Middle East And North Africa Digital Payments - Market - IMG1

Rapid real-time rails, policy-led cashless mandates, and cross-border e-commerce flows are cementing digital channels as the default settlement method across consumer and B2B contexts. Fintech sandboxes in Bahrain, Abu Dhabi, and Saudi Arabia are accelerating wallet and API innovation, while super-app ecosystems in the Gulf are embedding payments inside everyday consumer journeys. Regional processors are pursuing scale through mergers, and global networks are deepening local partnerships to capture rising card-not-present volumes. Heightened fraud risks in Egypt and Morocco are prompting substantial investments in AI-driven risk engines, tightening the link between security posture and customer adoption.

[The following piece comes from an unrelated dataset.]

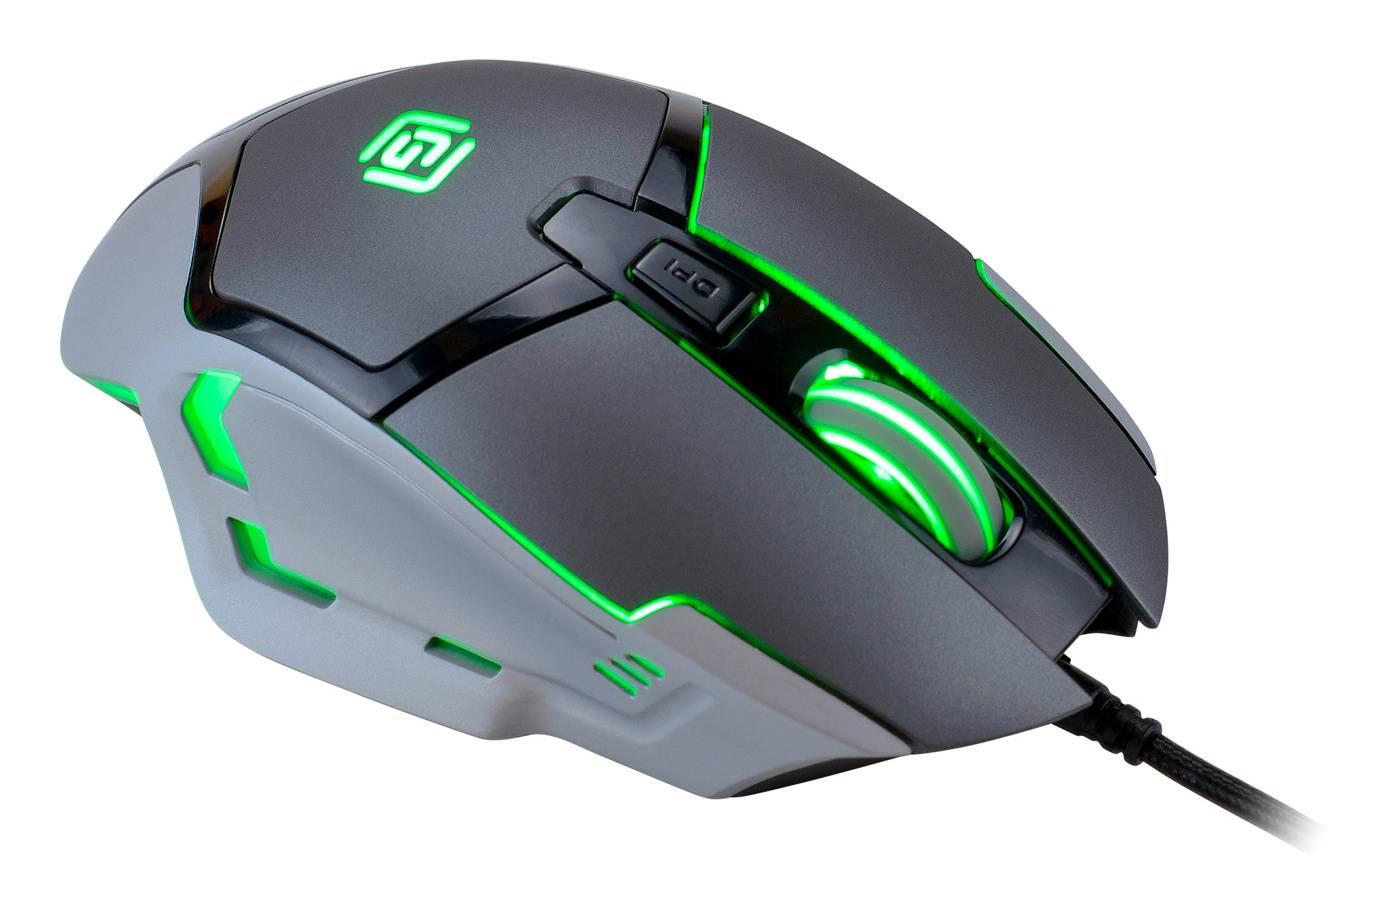 Мышь Oklick 915G HELLWISH V2 черный/серебристый - фото 15

Middle East And North Africa Digital Payments Market Trends and Insights

Rapid Real-time Payment Rails: Transforming Transaction Velocity

Saudi Arabia's SARIE processed 463 million transfers worth SAR 3.2 trillion in 2024, up 42% year-on-year. The UAE Instant Payment Platform captured 28% of domestic transfers within six months. Instant settlement has shortened working-capital cycles for SMEs, catalysed overlay services such as request-to-pay, and fostered wallet uptake among cash-centric segments. Processors are integrating ISO 20022 messaging to enable richer remittance data, a prerequisite for B2B embedded finance. Banks are recalibrating fee models as intraday liquidity risks decline, while merchants report lower cart abandonment thanks to irrevocable push-payments. The network effects are expected to peak between 2026-2028 as remaining GCC banks finalise full API connectivity.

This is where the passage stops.